In the following passage Phyllis finally decides not to flee to the Continent with Matthäus Tina, Hardy's "Melancholy Hussar:"

She always attributed her success in carrying out her resolve to her lover's honour, for as soon as she declared to him in feeble words that she had changed her mind, and felt that she could not, dared not, fly with him, he forbore to urge her, grieved as he was at her decision. Unscrupulous pressure on his part, seeing how romantically she had become attached to him, would no doubt have turned the balance in his favour. But he did nothing to tempt her unduly or unfairly.

On her side, fearing for his safety, she begged him to remain. This, he declared, could not be. [Wessex Tales]

Phyllis devotes herself to fulfilling her father's wishes to marry Humphrey Gould, son of an old friend. Phyllis was forbidden to marry outside her social level, especially not a foreigner like Matthäus. It is ironic that Phyllis would suffer for the sake of her father in an arranged marriage when Humphrey has already secretly married another. She does not know about Humphrey's duplicity until after she decides not to accompany the deserters.

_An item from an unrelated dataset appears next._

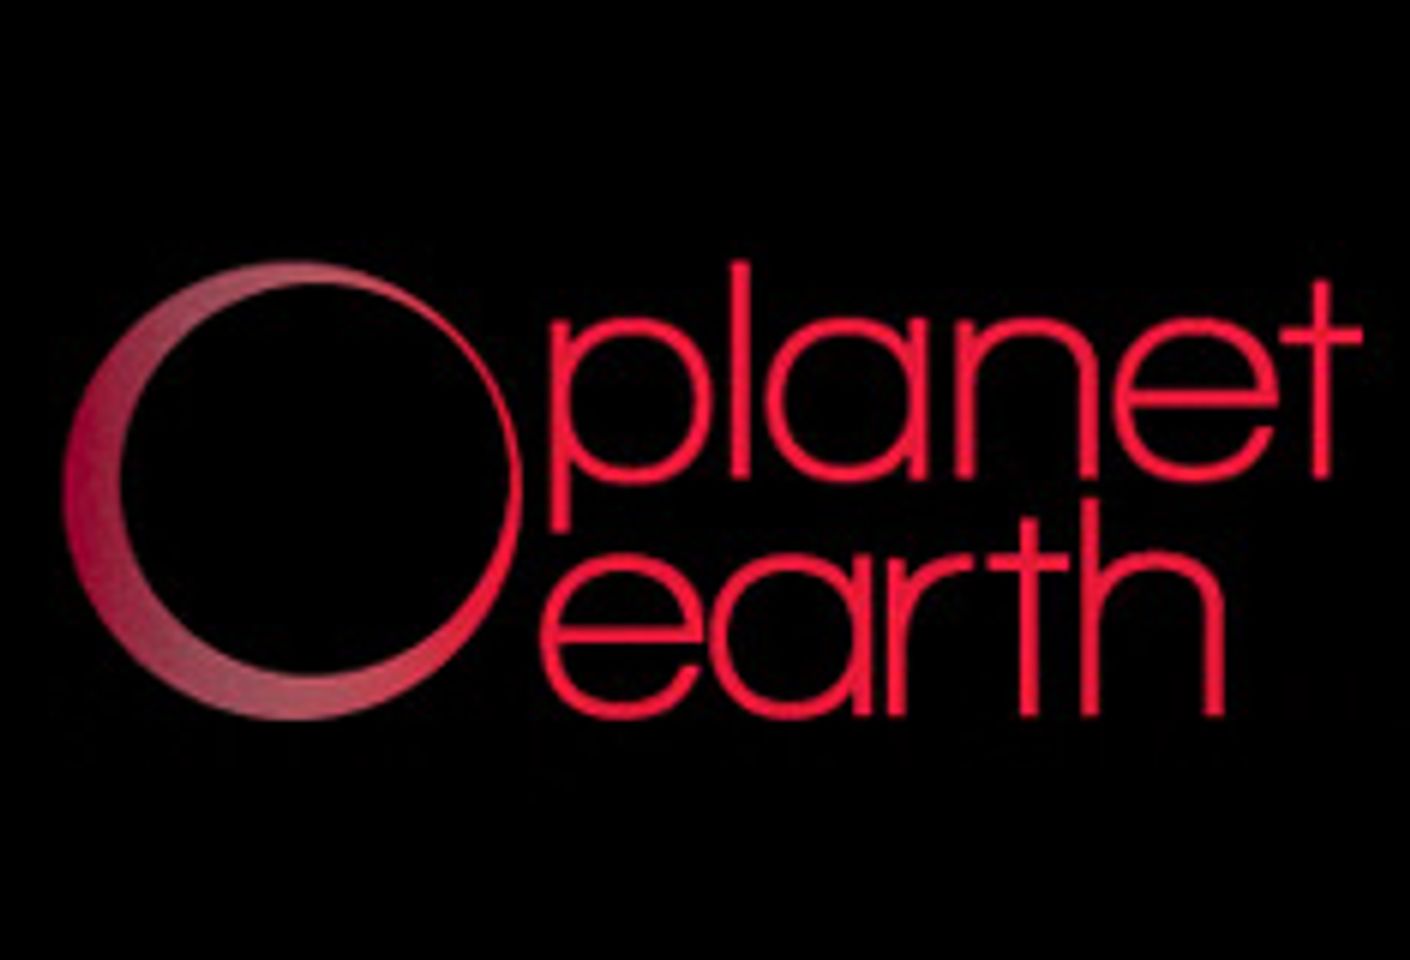 Planet Earth Adds Gun Oil Hybrid to Catalogue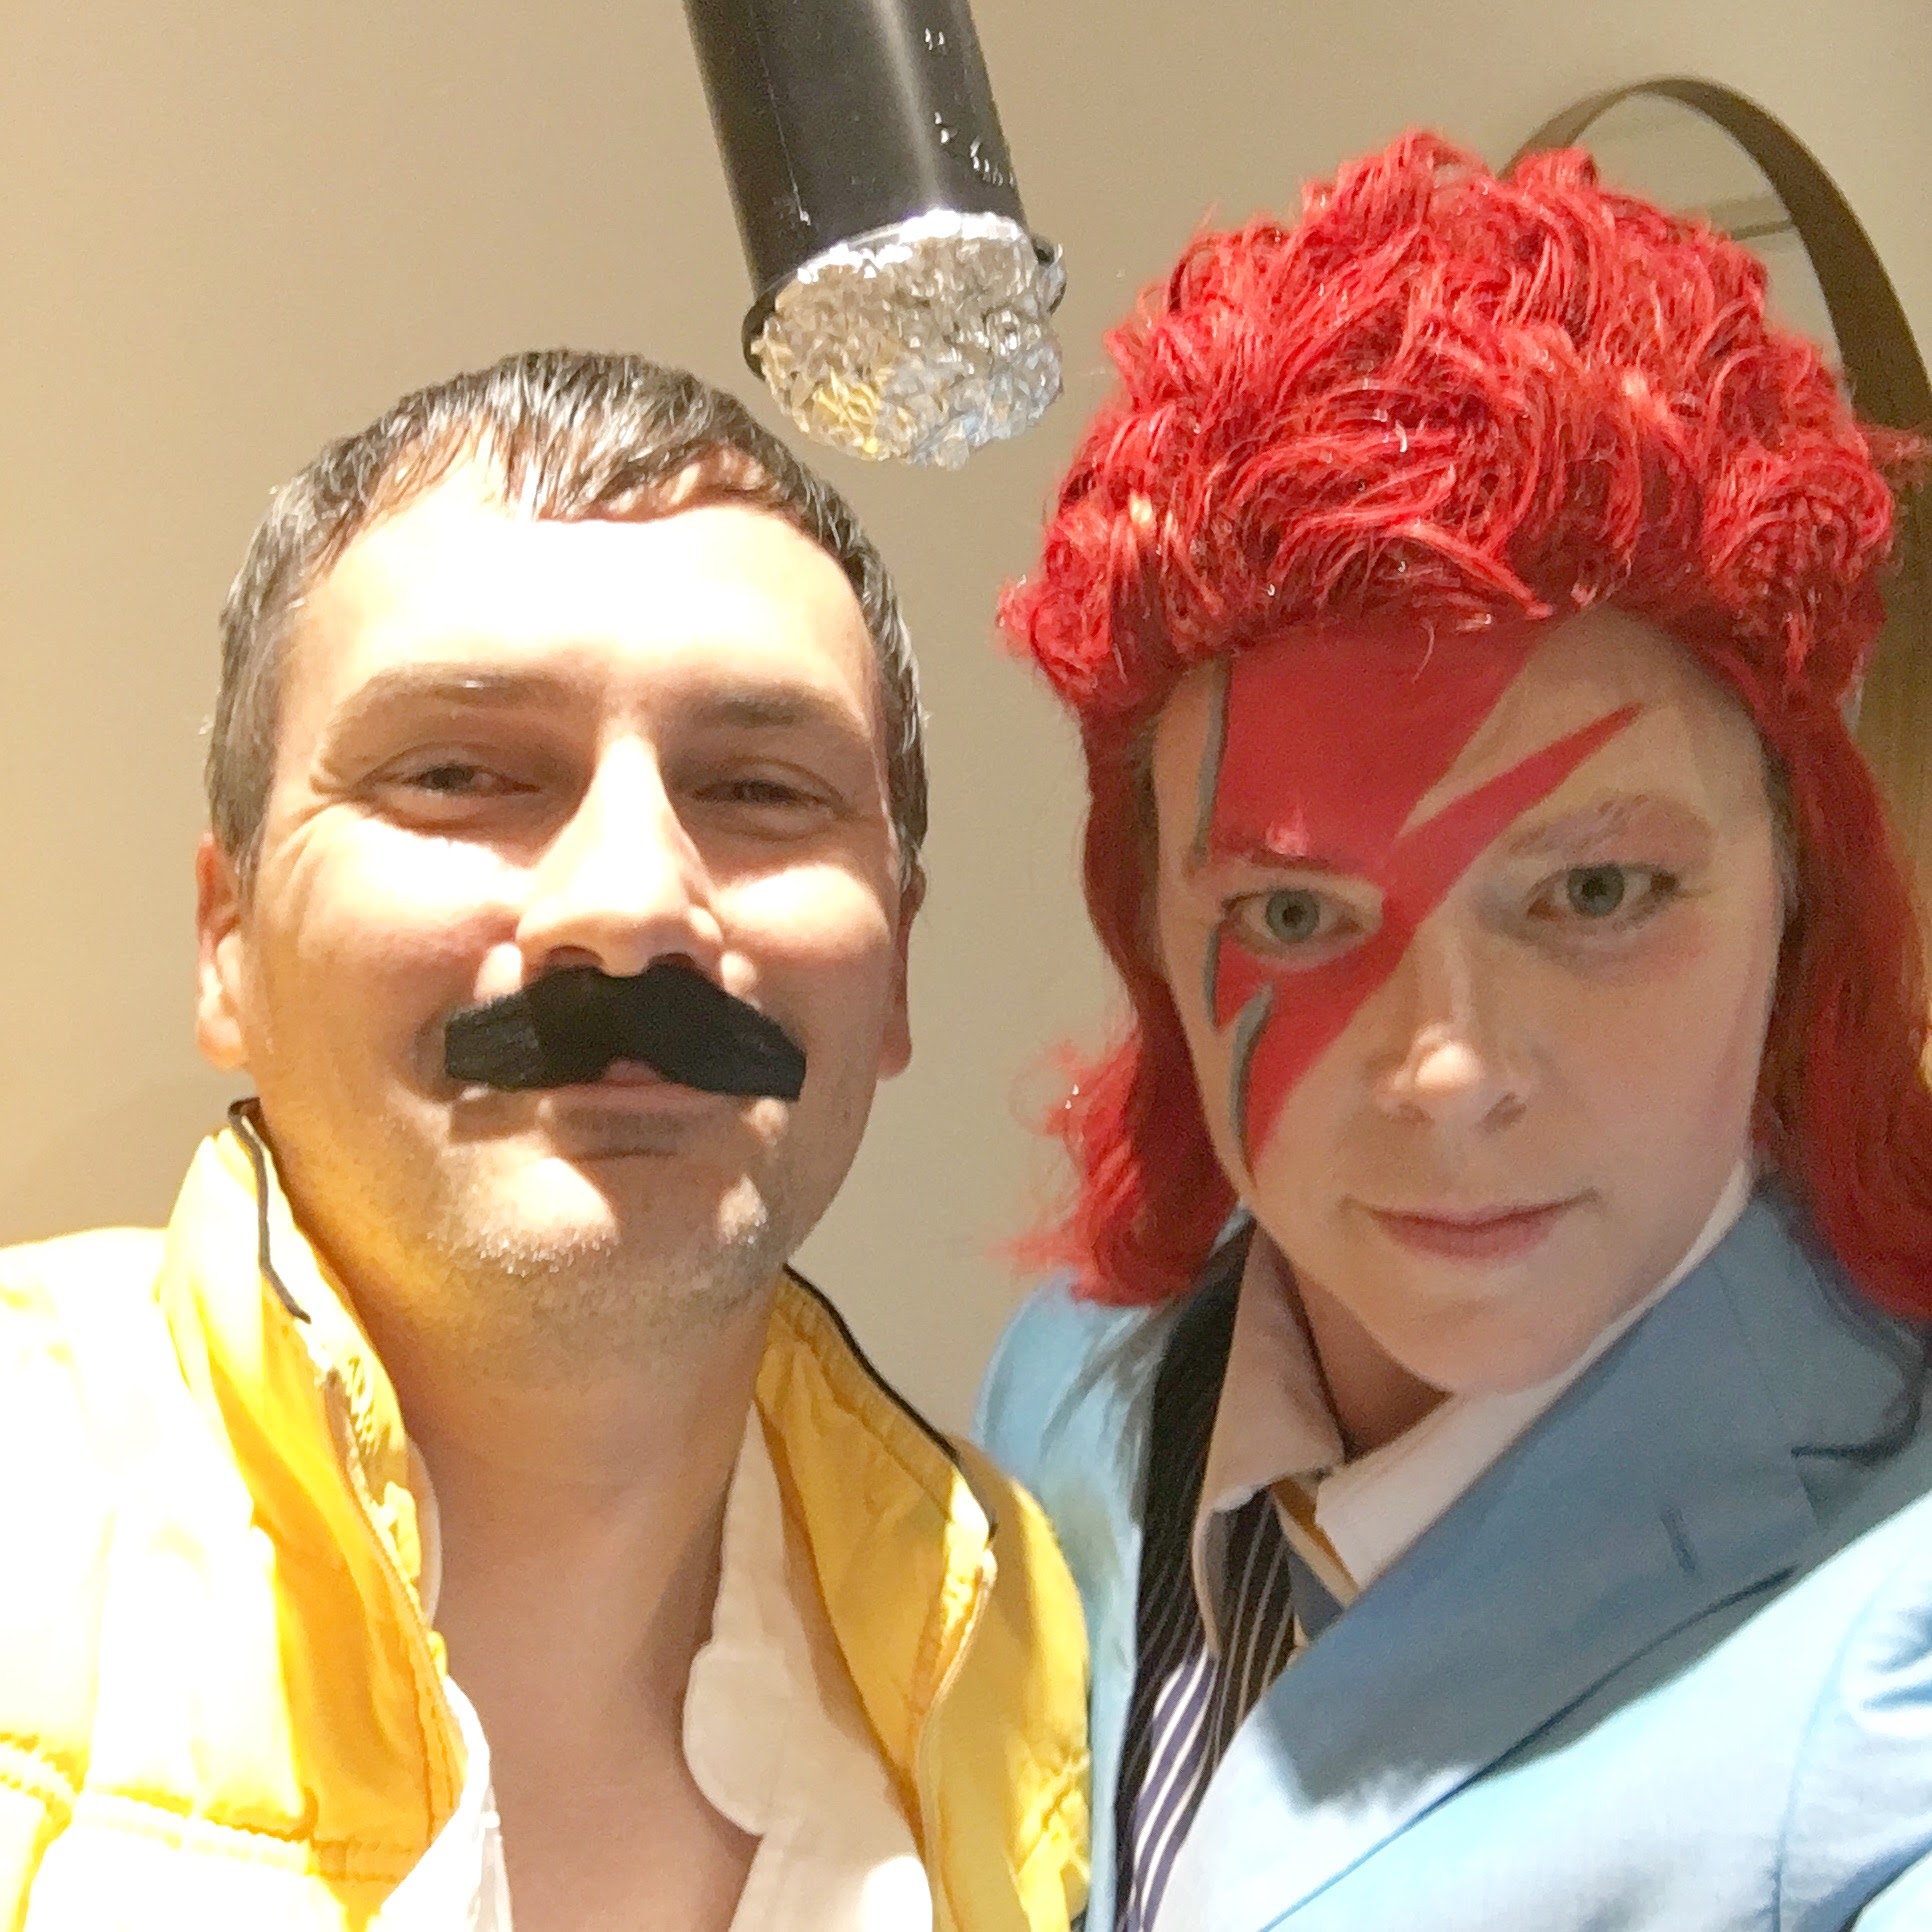 Couple dressed as Freddy Mercury and David Bowie

Dr. Grove may have limited Phyllis's marital choices for selfish reasons. He is an "irritable man" and has seen even his old friends "less and less frequently." We may connect him as a figure of set boundaries and limits with the garden wall that separates Phyllis from the young hussar at the beginning of the story. At the end of the story, the graves of the deserters "are overgrown with nettles" since these thorny flowers also reinforce the margin of "safe" (patriarchal) and "dangerous" (public) territory at the bottom of her garden earlier. After Phyllis as keeper of the graves passes away in advanced age, the nettles take over the graves entirely. Since Phyllis in youth was keeper not only of the garden but of her widower-father's house, the nettles are a double symbol as they are an extension of her her father's social "thorniness" and also of the control that he exerts over Phyllis. The nettles by the garden wall represent the social construction of nineteenth- century English women — they must be attended when in public, protected and controlled. The nettles are also thematically connected to Matthäus's losing his corporal's stripes as a sting to his social standing. Phyllis fear of loving creates nettles around her heart. The narrator becomes a nettle as the story is a warning that those from outside rural Wessex will cause its inhabitants only despair and chaos.

The intertextuality at work in Hardy's short story "The Melancholy Hussar of the German Legion" includes Shakespeare's Romeo and Juliet, Othello, Antony and Cleopatra, and the Bible, since allusions to those works function to explain Phyllis's character and circumstances. The film The scarlet Tunic lacks these intertextual influences, relying instead on the talismanic influence of a volume of Wordsworth's poetry that Phyllis gives to "Sergeant" Matthäus "Singer." The film challenges the barriers of class, gender, and ethnicity in revealing both Phyllis's gruff father and the emotionally-disturbed English colonel of the regiment as xenophobic snobs. The film also challenges our conventional notions of closure since the passage in question is never dramatized, and we are left to speculate about what will happen to Phyllis's relationship with the handsome, Romantic foreigner.